**Supplied information**
------------------------------------------------------------
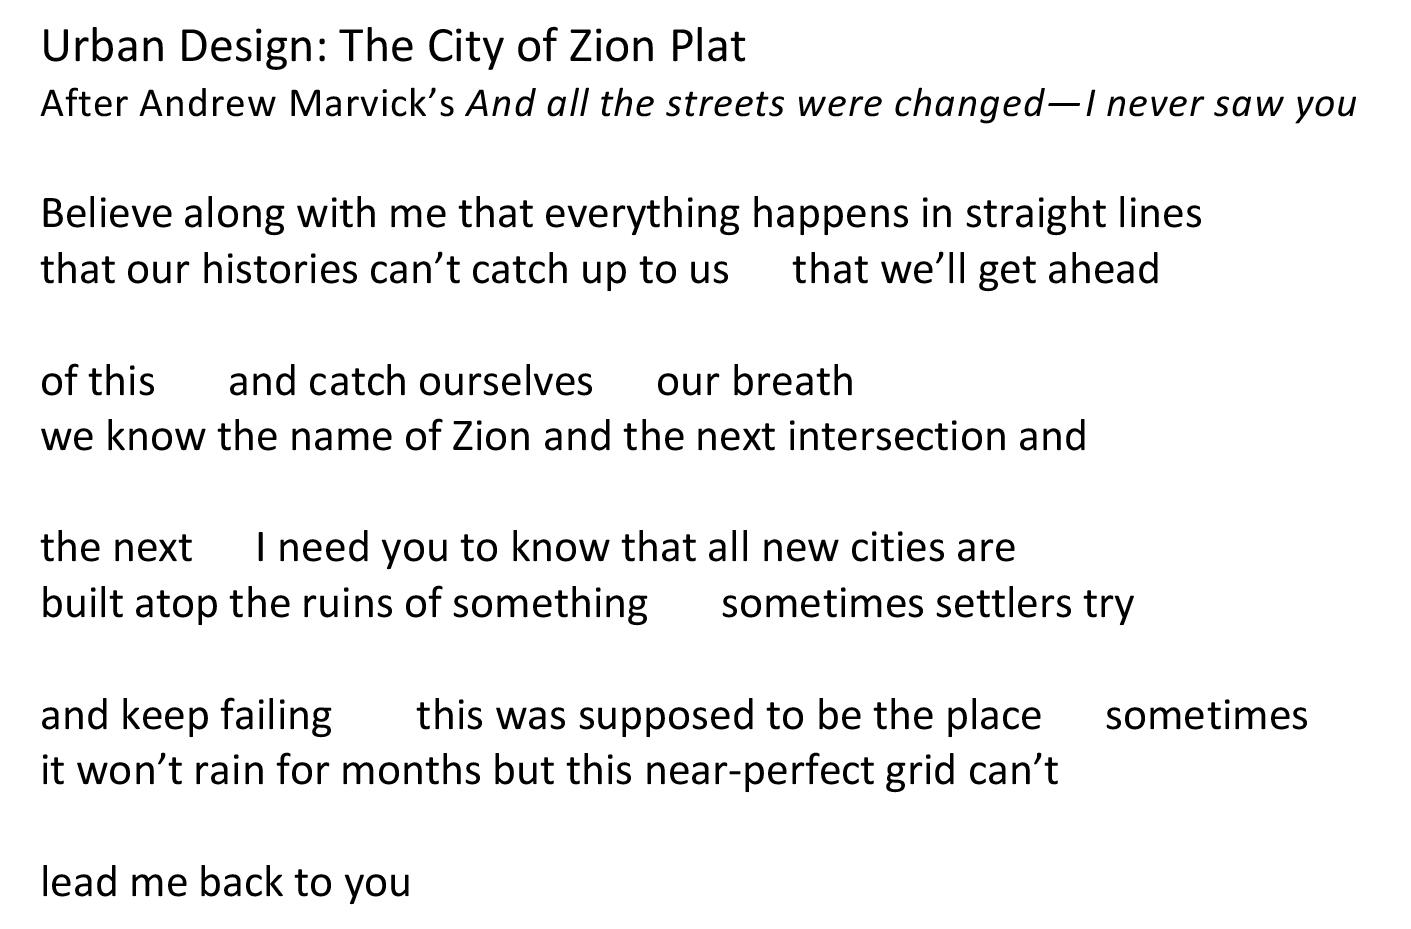 Urban Design The City of Zion Plat
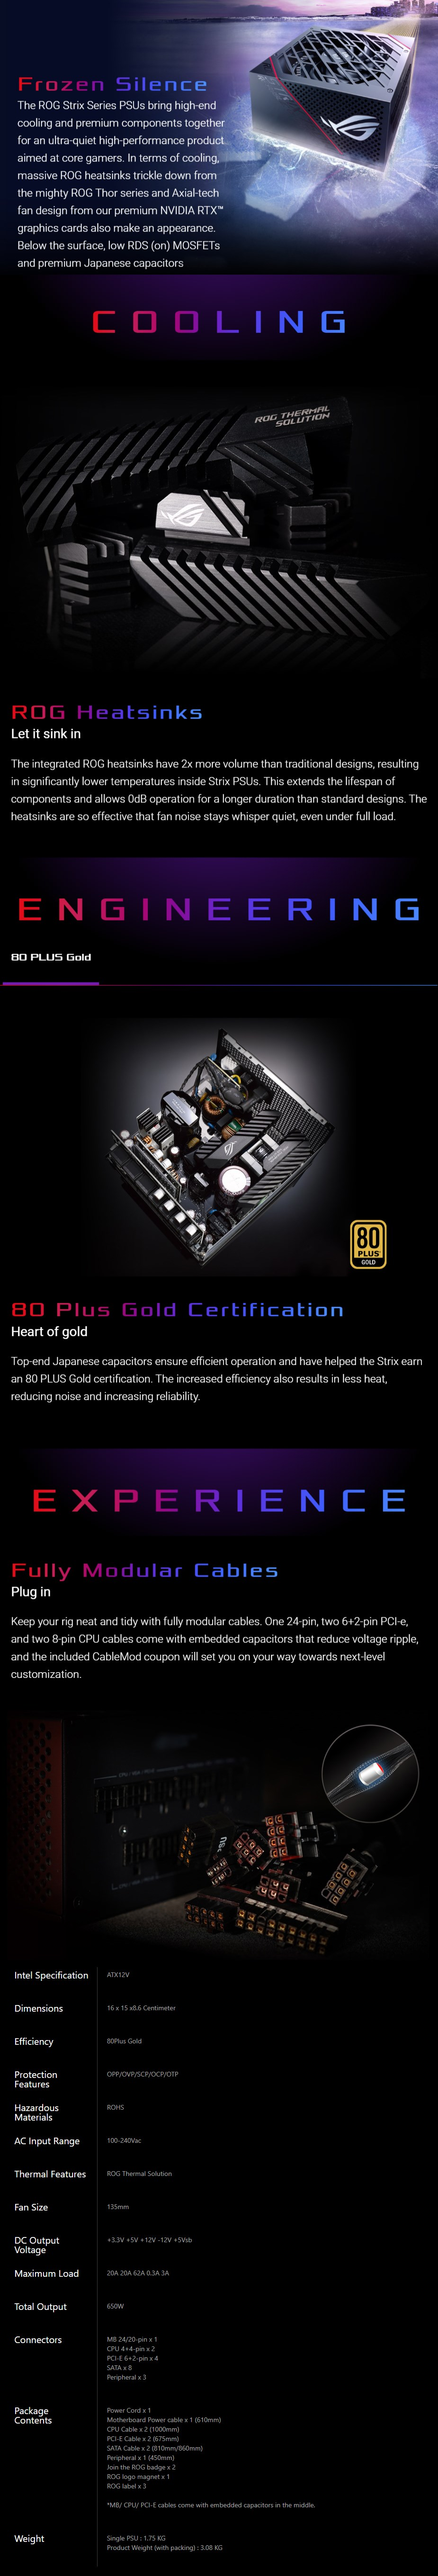 ASUS ROG Strix 650W 80 Plus Gold Modular Power Supply Unit - Overview 1
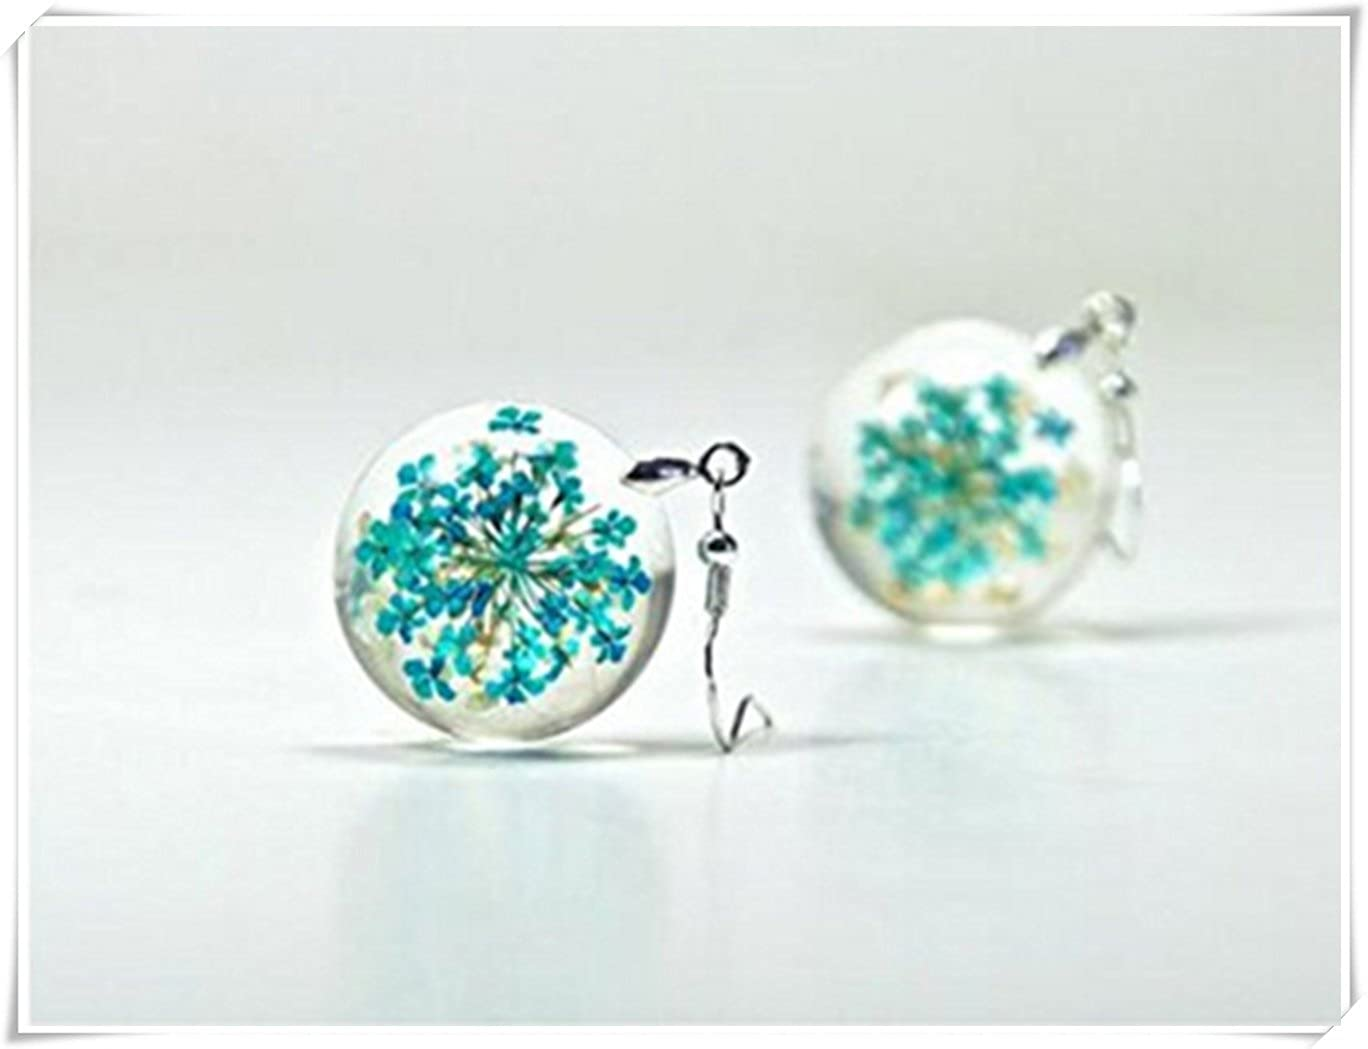 Terrarium Earrings Wooden Earrings Wood Resin Earrings Niobium Pressed Fire /& Ice Flower Earrings Resin Real Flower Jewelry
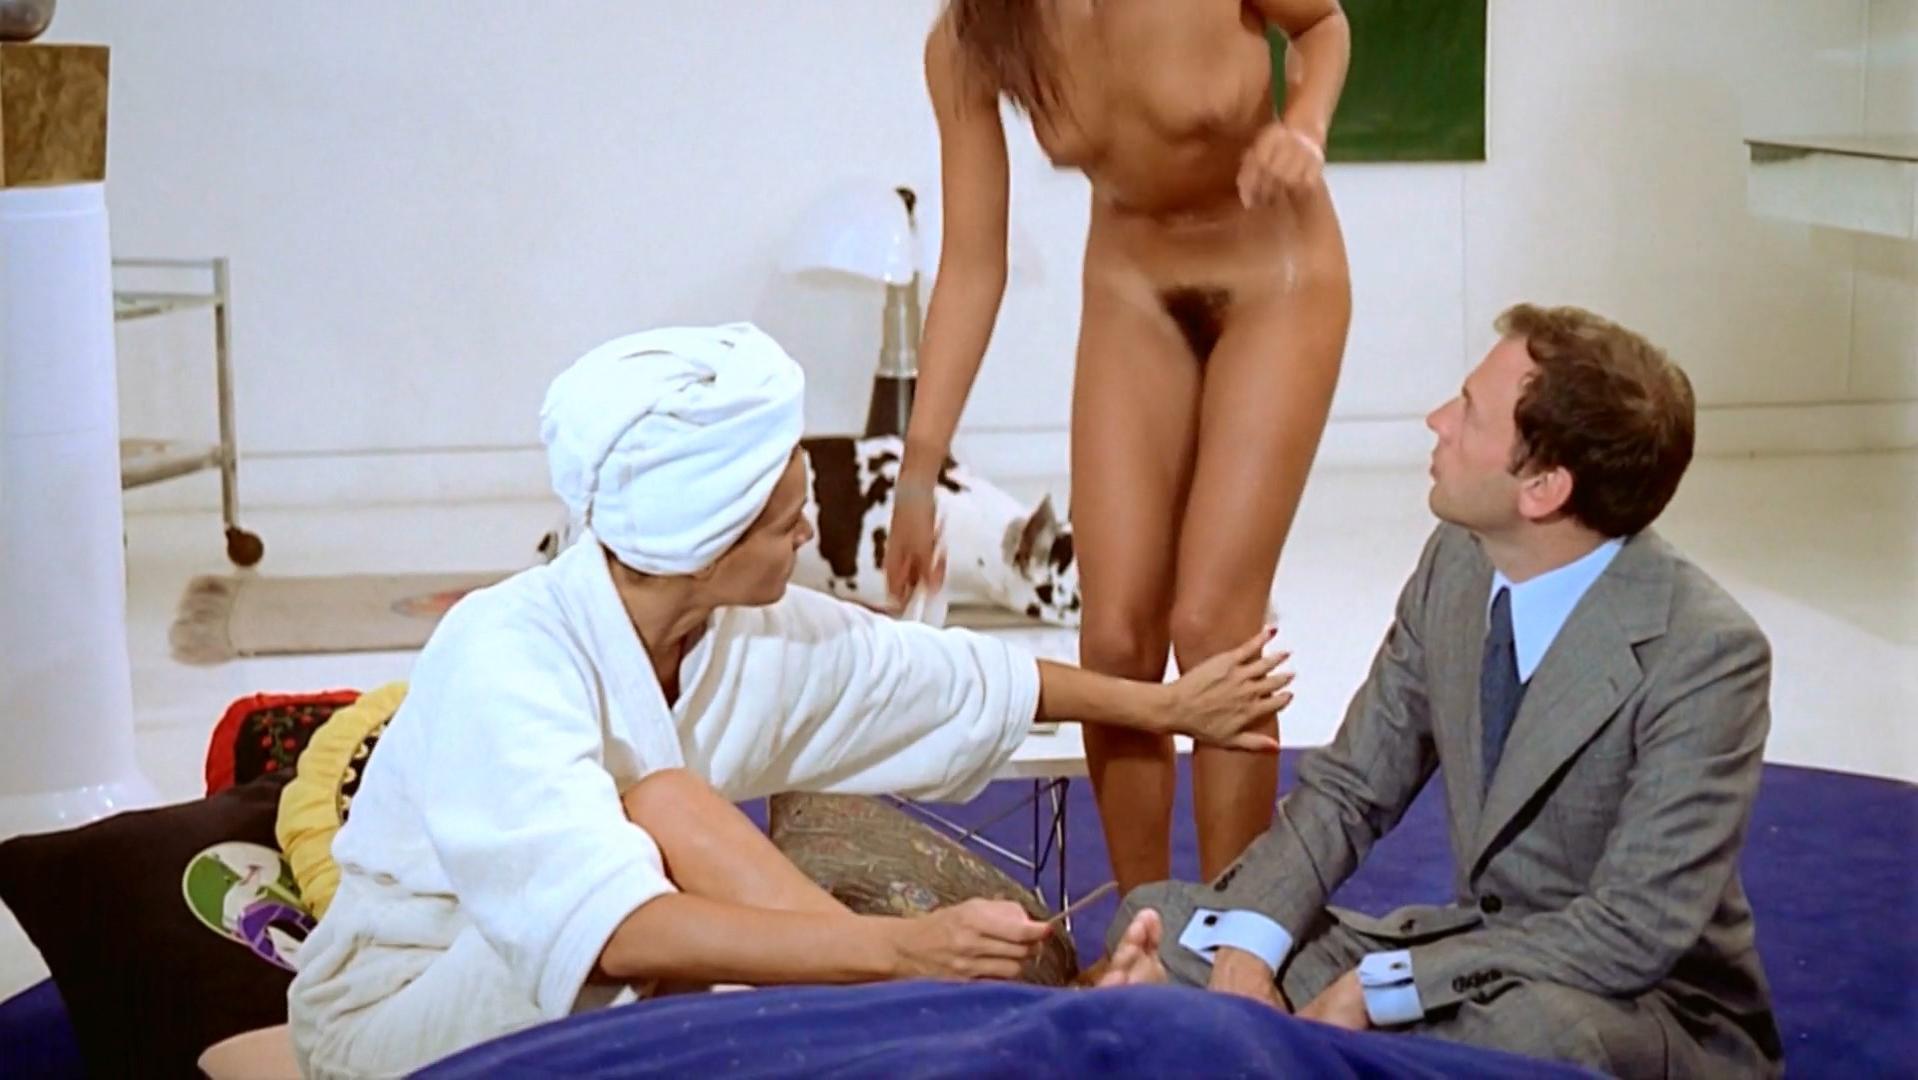 Romy Schneider nude, Christine Boisson nude, Betty Berr nude - Le Mouton Enrage (1974)
------------------------------------------------------------
Your task is to retype exactly the lines that run from the line with "ASUS ROG Strix" through the last line of the material, with the pictures left out.

 ASUS ROG Strix 650W 80 Plus Gold Modular Power Supply Unit - Overview 1
 Terrarium Earrings Wooden Earrings Wood Resin Earrings Niobium Pressed Fire /& Ice Flower Earrings Resin Real Flower Jewelry
 Romy Schneider nude, Christine Boisson nude, Betty Berr nude - Le Mouton Enrage (1974)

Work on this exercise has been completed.